Two lines in the data below mark the range: the one with "naik motor diatas jembatan" and the one with "黄�叉�JUMPER ZHANG主题大秀QUEEN'S LOVE发布敢达创战者13". Return both, along with every line between them, exactly.

• _Recorded information_:
======

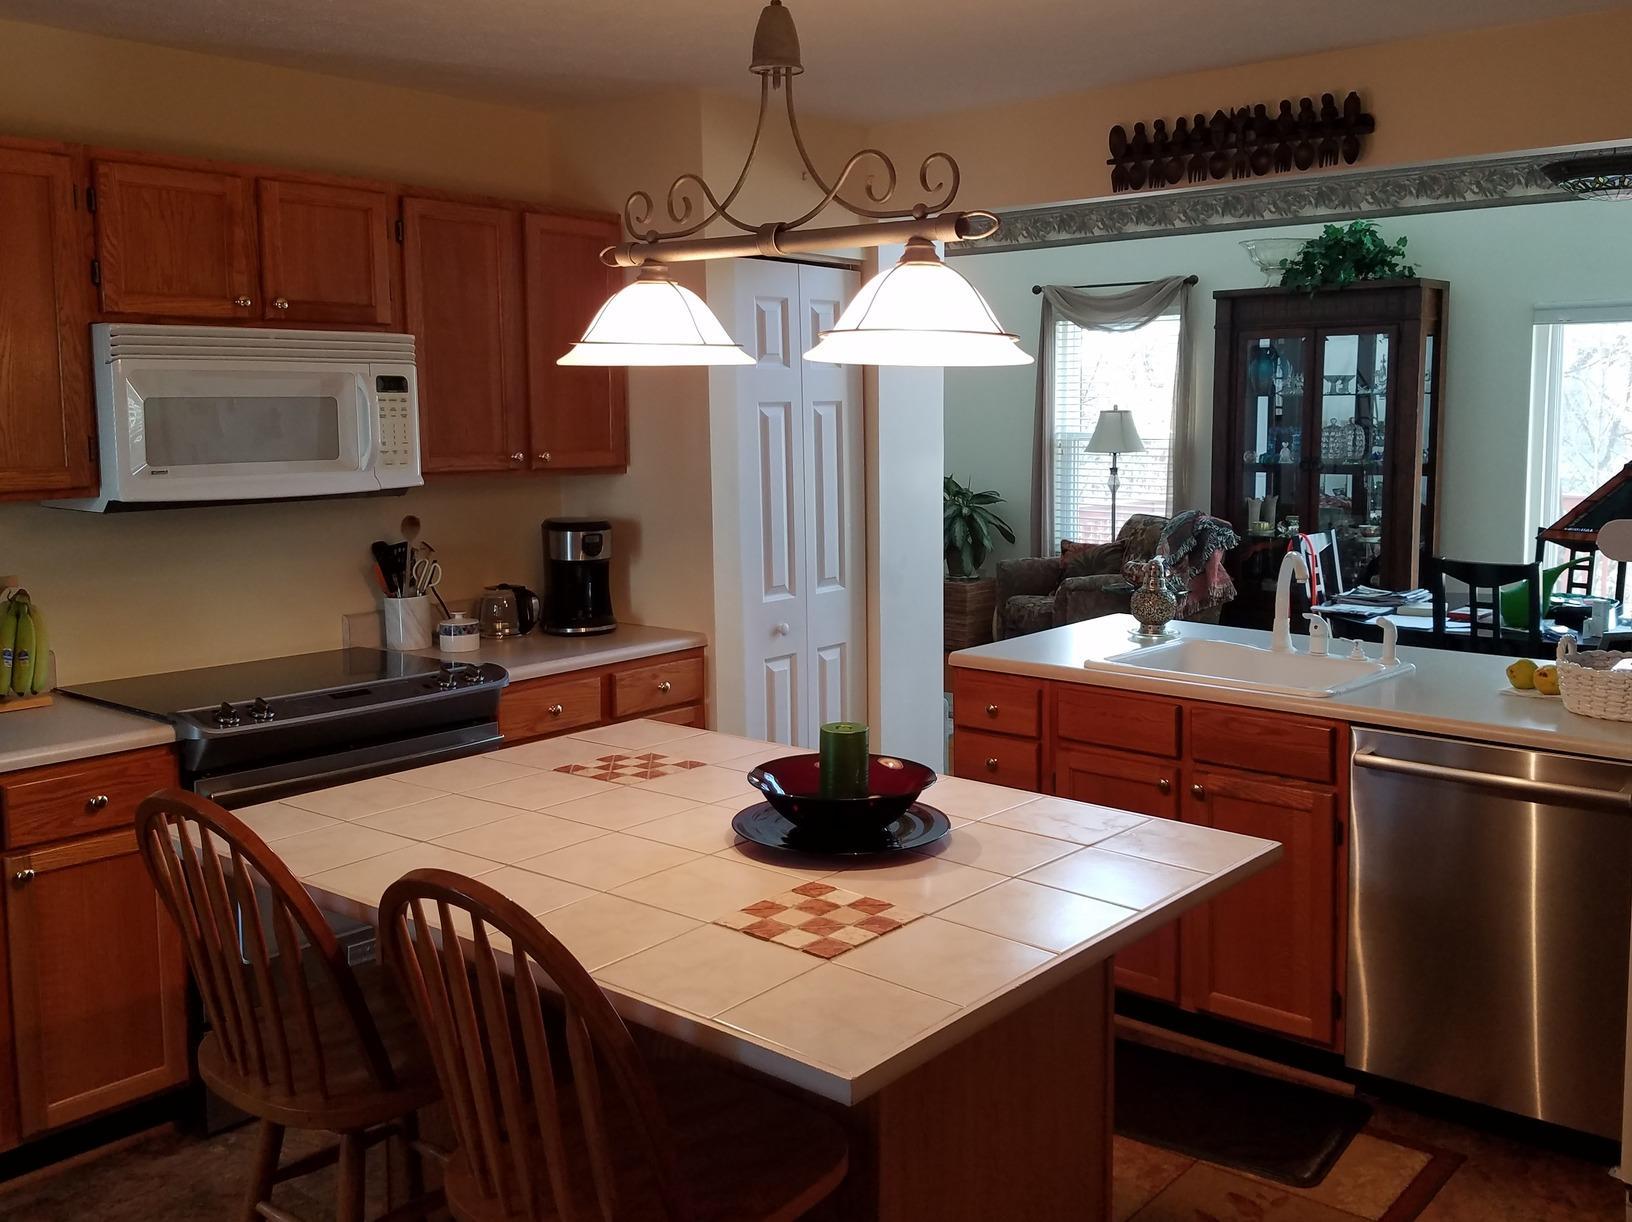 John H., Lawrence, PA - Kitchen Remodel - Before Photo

======

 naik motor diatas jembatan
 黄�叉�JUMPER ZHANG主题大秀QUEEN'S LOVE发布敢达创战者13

======

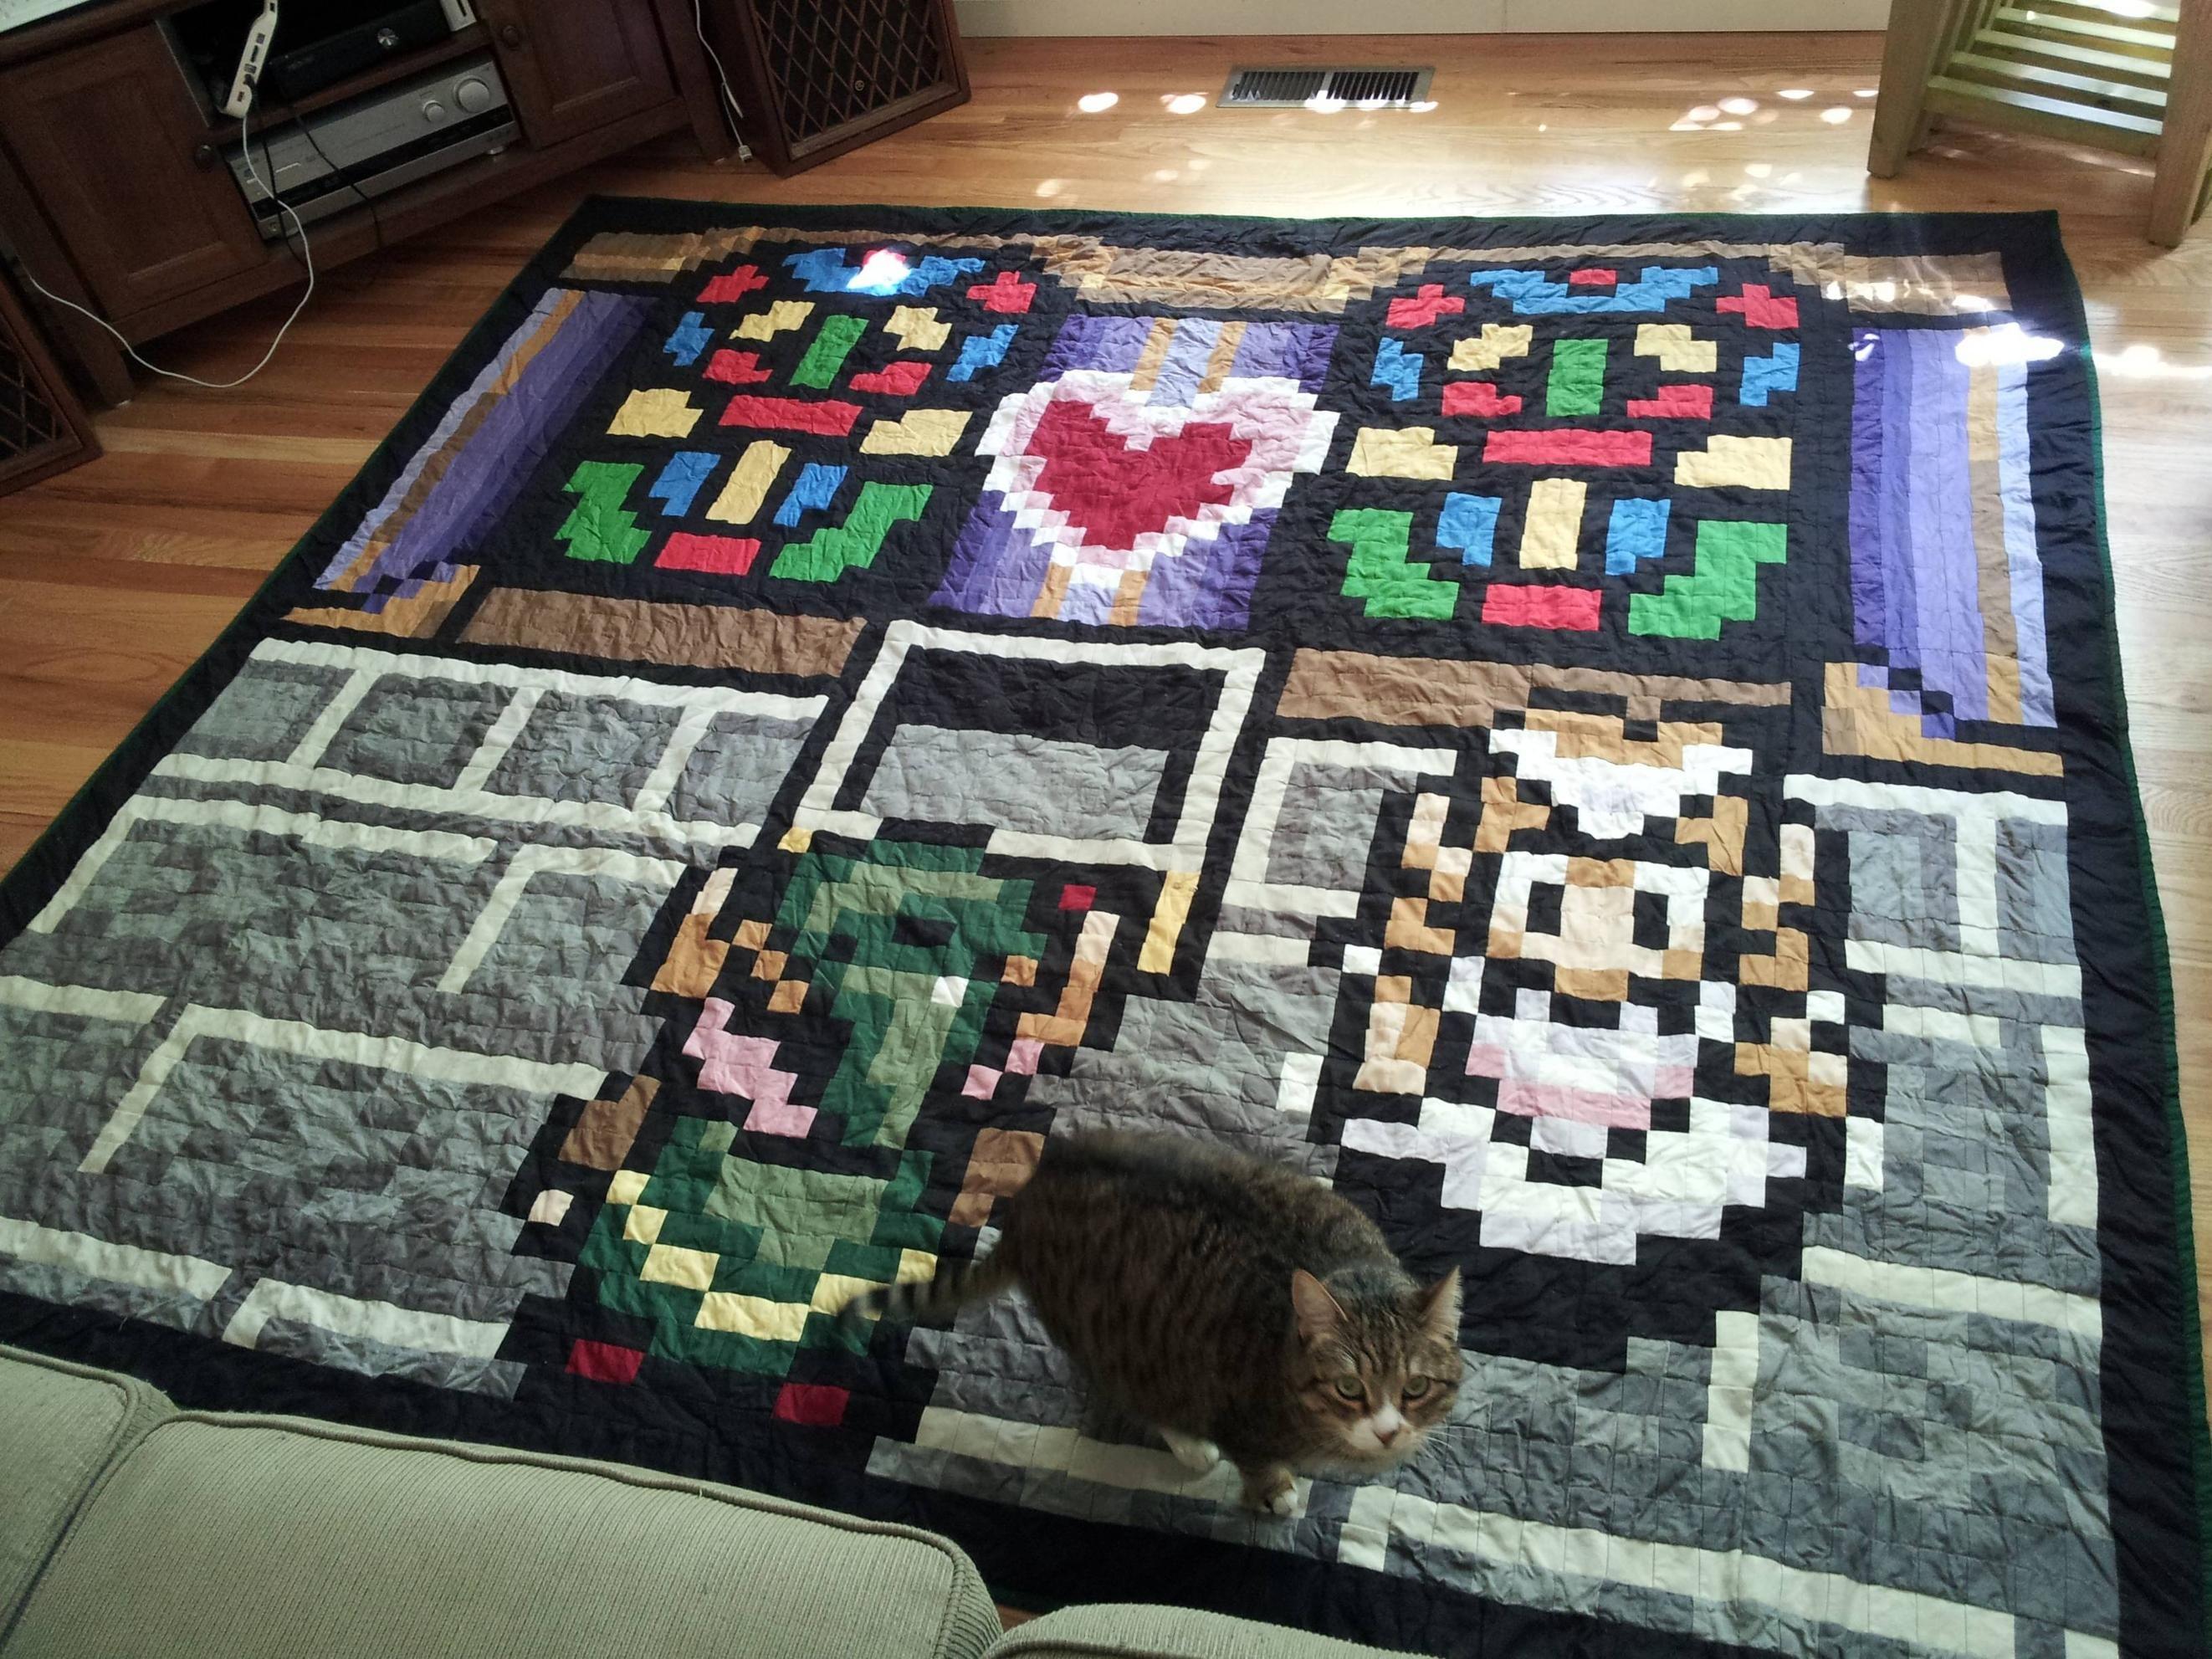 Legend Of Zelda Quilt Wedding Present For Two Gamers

======

• _Result of the task_:
 naik motor diatas jembatan
 黄�叉�JUMPER ZHANG主题大秀QUEEN'S LOVE发布敢达创战者13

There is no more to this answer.